# 95 Nissan Altima Parts.



## dc_kidz_usa (Mar 6, 2007)

i have a 1995 4 door Nissan Altima. the motor seized up on me. it has many upgrades. full body kit, projector headlights. lowered, spoiler..many more. ill sell the car in whole.. or i can part anything out to you. if u want sumthing off of it. email me for pixx [email protected]. or reply to this. the car does NOT run the motor seized up. the pistons are bad. but if there is anything else u need from the motor or interior, or exterior IE body kit, ill part it out to you. email me at the above address for pix and prices.

i need to start selling off of it asap! i WILL bargin prices!!

Full Body Kit VIS racing...(4door side skirts)
2.1 inch Lowering Coil Overs.
Front Strut bar.
Projector Headlights.
Rear Spoiler.
interior is in almost perfect cond. ill sell seats..sunvisors..whatever u want..
exterior has NO DENTS OR RUST! ill sell anything ..trunk..spoiler..tail lights..
anything u need from the motor..except pistons(went bad) ill sell.. 

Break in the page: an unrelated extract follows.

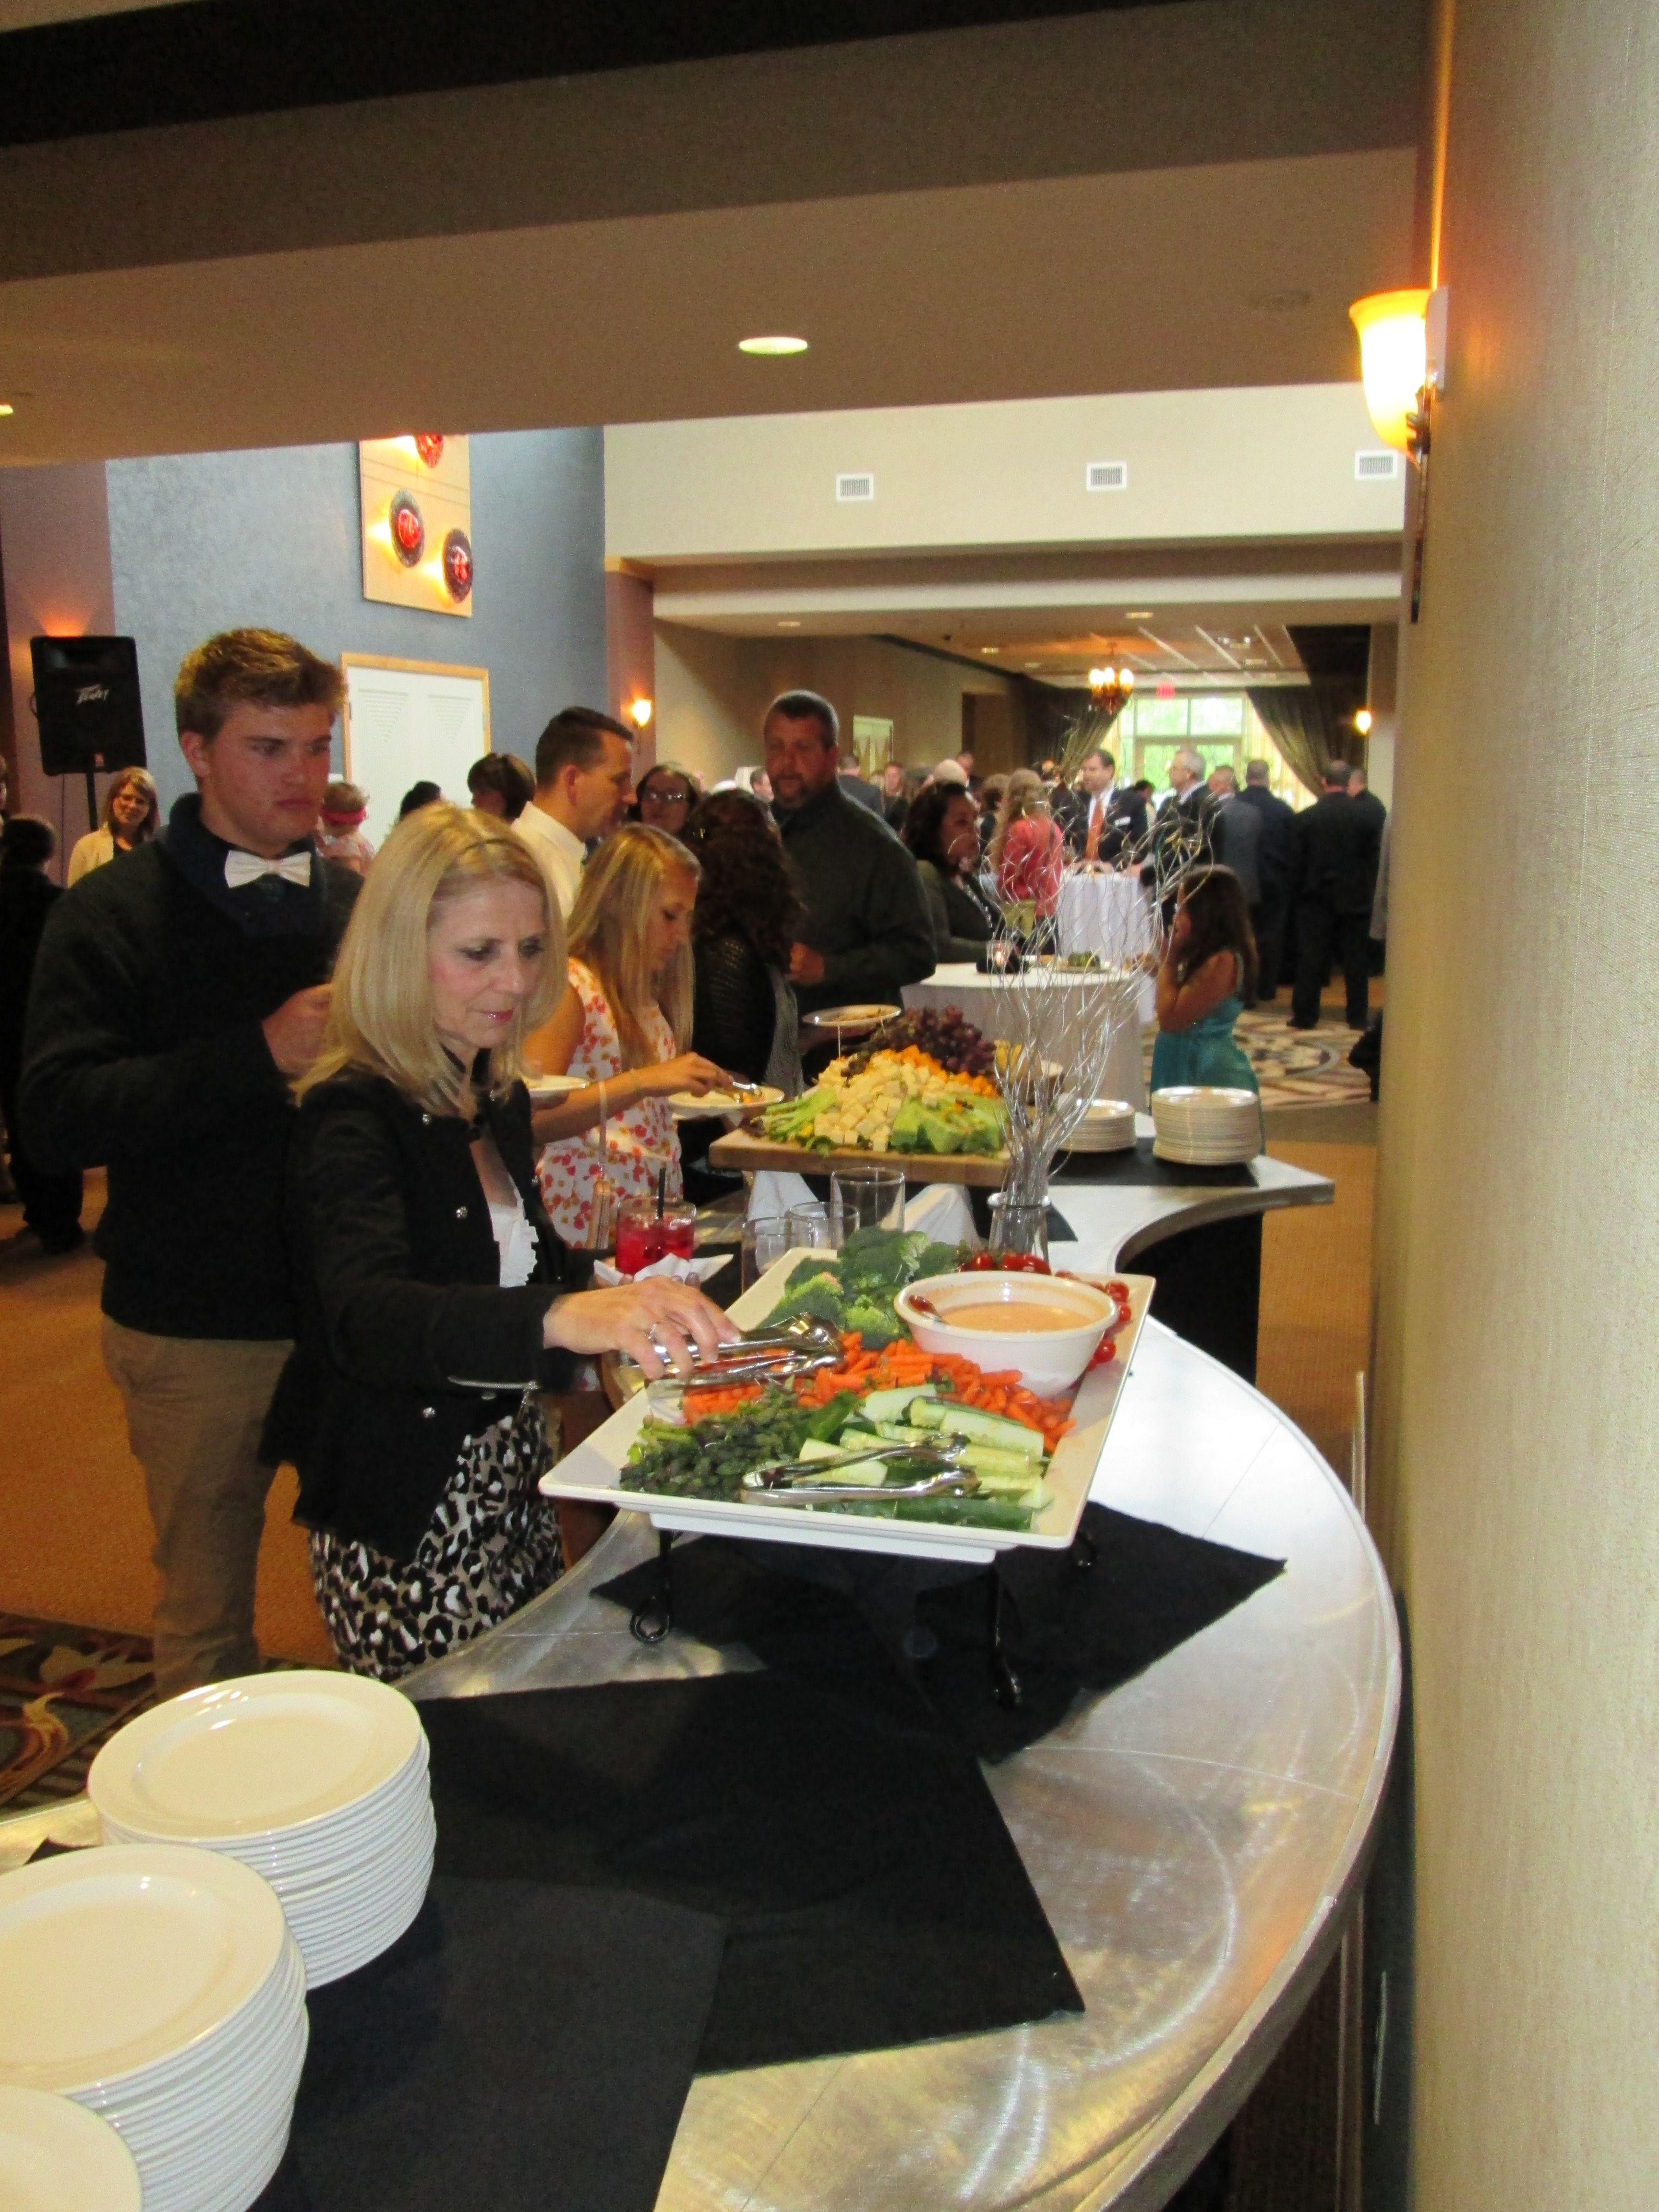 Wedding reception at the Hilton Garden Inn Perrysburg, Ohio- foyer ...

PLEASE EMAIL ME IF U WANT ANYTHING AND WE'LL TALK PRICES!! 
I WILL BARGIN I NEED TO SELL ASAP!! 

[email protected]


thanks,
Jon L.


----------



## WhiteFox (Sep 4, 2002)

How's the transmission? what kind is it?

I might be interested in the body kit, headlights, and spoiler as well..


----------



## Sargeue (Aug 6, 2006)

I have 1993 altima, will the spoiler and headlights fit, if so I want them and visors also?
Pay by paypay!!! Thx!


----------



## Leuthesius (Sep 7, 2006)

What kind of seats are in your car? I'm looking for some... are they black?


----------



## brockmandl (Dec 9, 2007)

Is the head still good? If so -- How much including shipping??


----------